ARM: KVM: switch to a dual-step HYP init code
Our HYP init code suffers from two major design issues:
- it cannot support CPU hotplug, as we tear down the idmap very early
- it cannot perform a TLB invalidation when switching from init to
runtime mappings, as pages are manipulated from PL1 exclusively
The hotplug problem mandates that we keep two sets of page tables
(boot and runtime). The TLB problem mandates that we're able to
transition from one PGD to another while in HYP, invalidating the TLBs
in the process.
To be able to do this, we need to share a page between the two page
tables. A page that will have the same VA in both configurations.

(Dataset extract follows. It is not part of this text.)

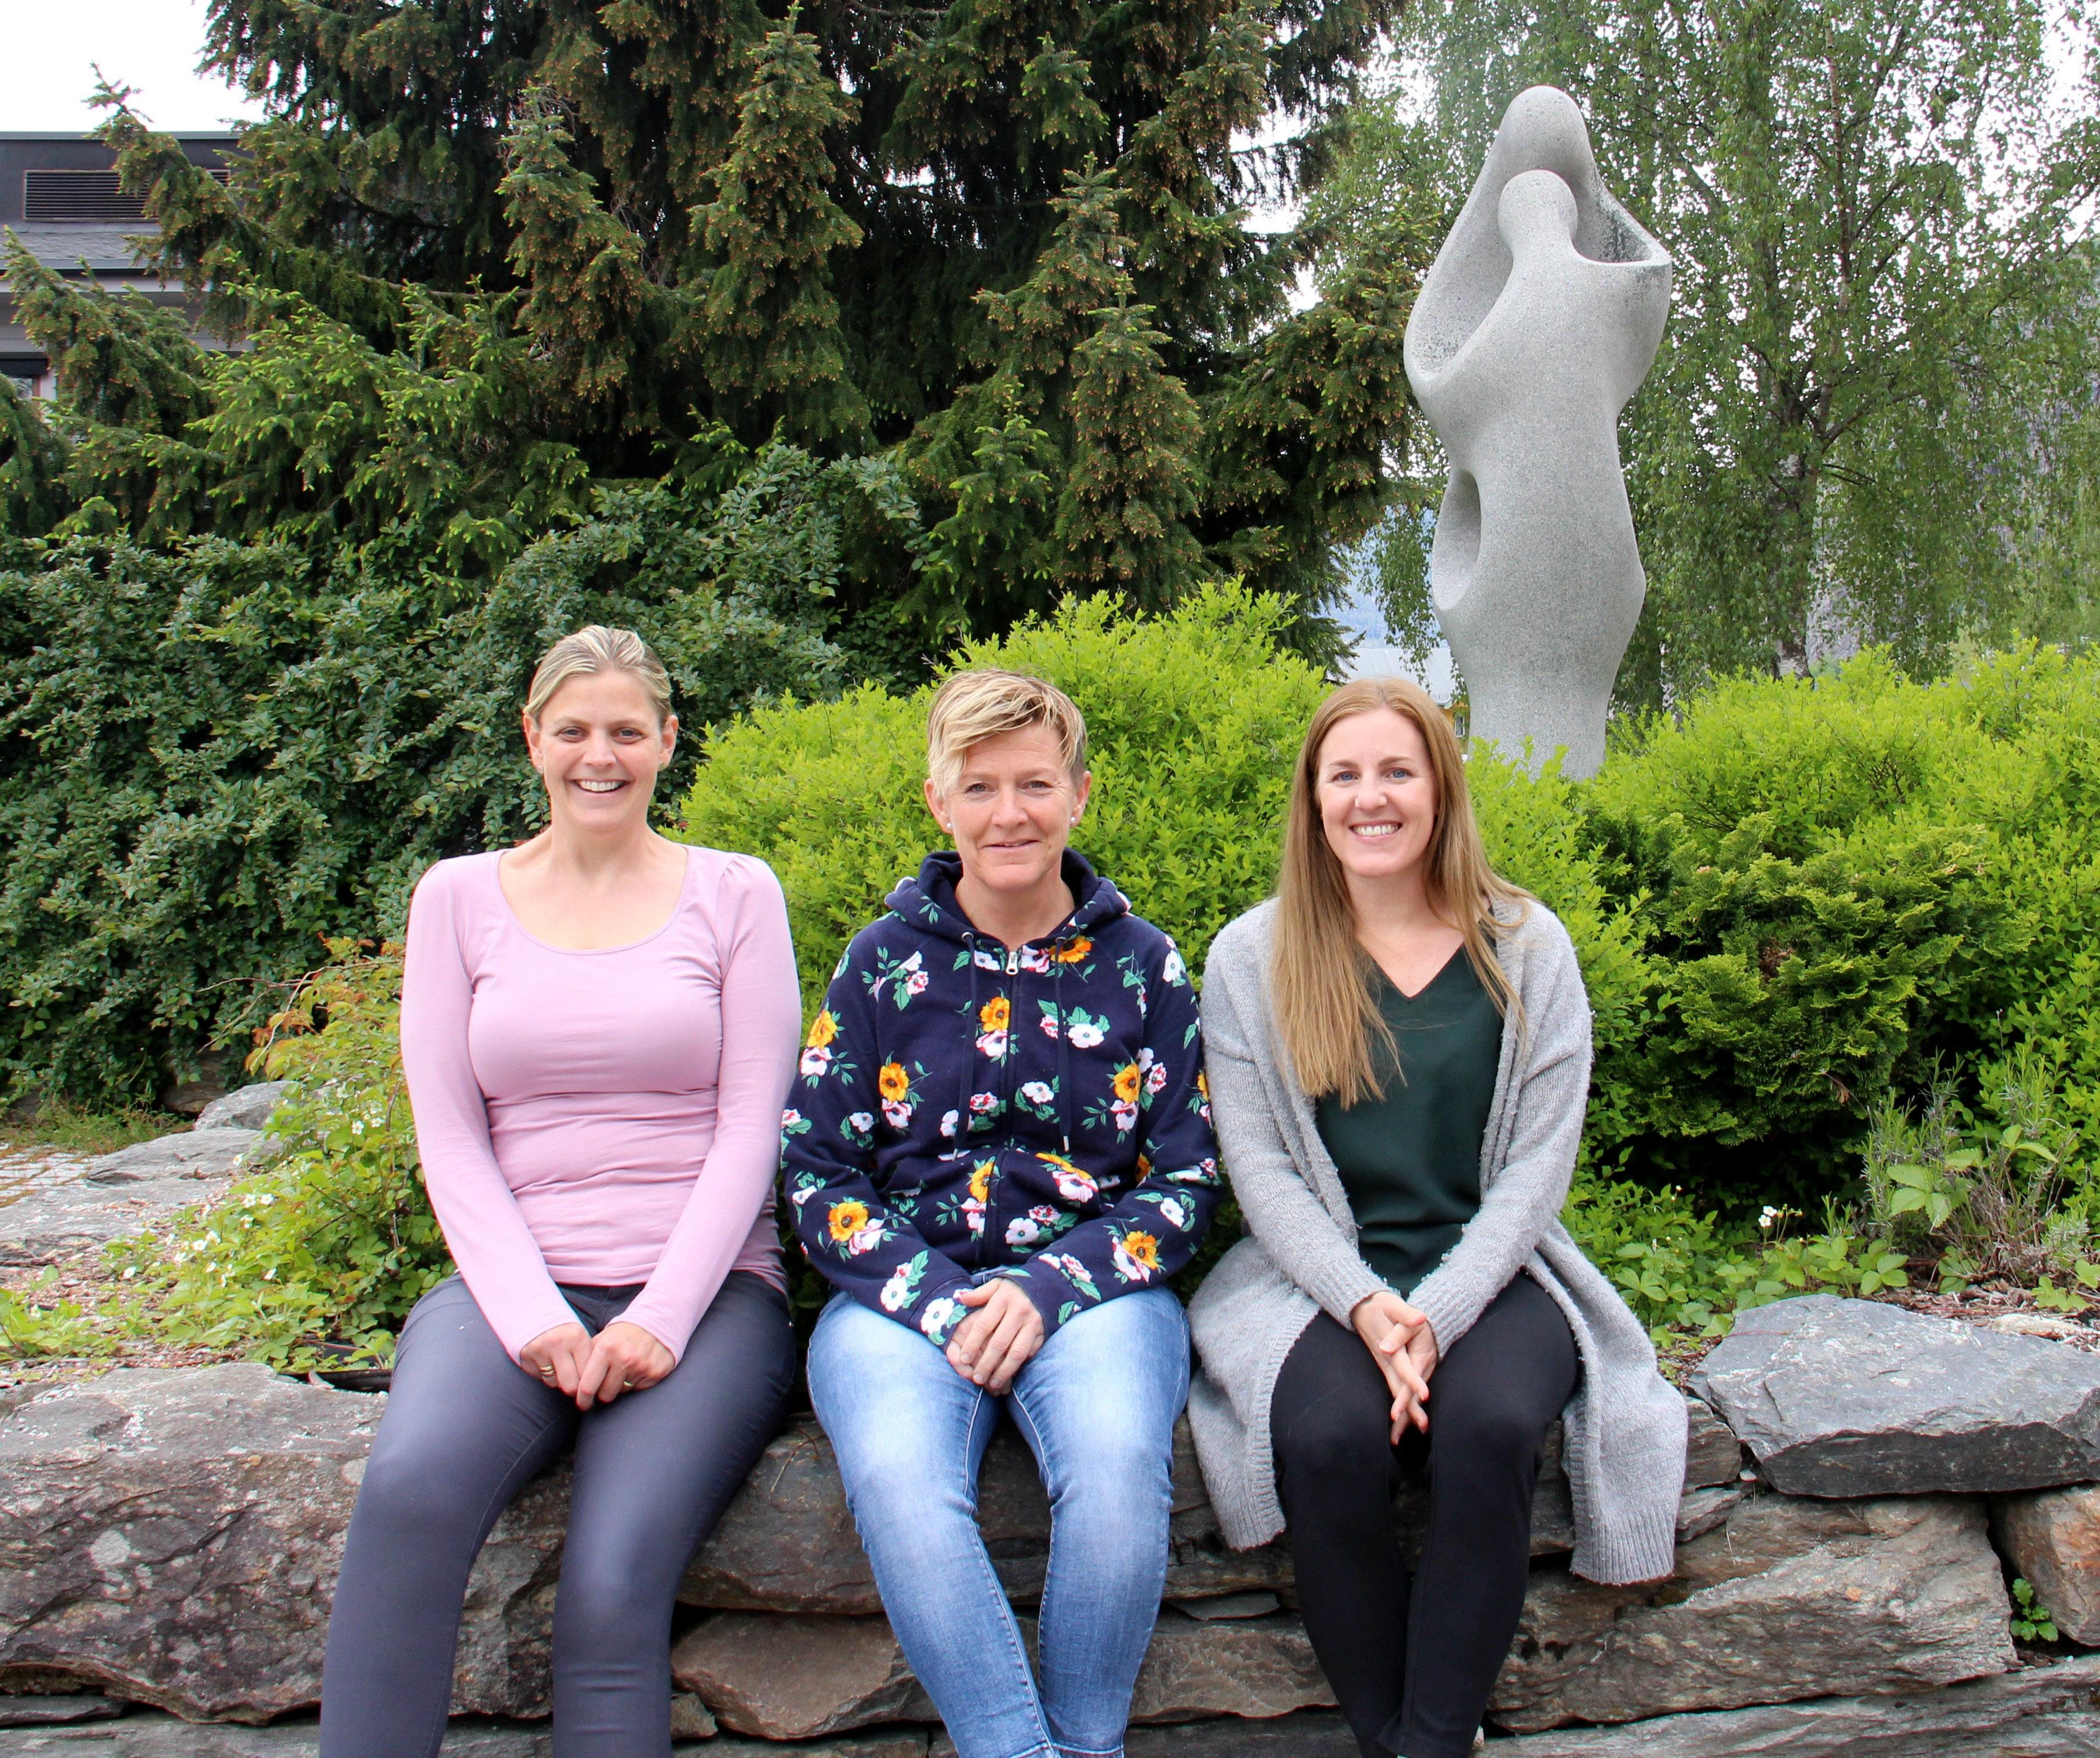 Elisabeth Bondevik Orrestad, Linda Goldmann og Trine-Anita Systad.JPG

All we
need is a VA that has the following properties:
- This VA can't be used to represent a kernel mapping.
- This VA will not conflict with the physical address of the kernel text
The vectors page seems to satisfy this requirement:
- The kernel never maps anything else there
- The kernel text being copied at the beginning of the physical memory,
it is unlikely to use the last 64kB (I doubt we'll ever support KVM
on a system with something like 4MB of RAM, but patches are very
welcome).
Let's call this VA the trampoline VA.
Now, we map our init page at 3 locations:
- idmap in the boot pgd
- trampoline VA in the boot pgd
- trampoline VA in the runtime pgd
The init scenario is now the following:
- We jump in HYP with four parameters: boot HYP pgd, runtime HYP pgd,
runtime stack, runtime vectors
- Enable the MMU with the boot pgd
- Jump to a target into the trampoline page (remember, this is the same
physical page!)
- Now switch to the runtime pgd (same VA, and still the same physical
page!)
- Invalidate TLBs
- Set stack and vectors
- Profit! (or eret, if you only care about the code).
Note that we keep the boot mapping permanently (it is not strictly an
idmap anymore) to allow for CPU hotplug in later patches.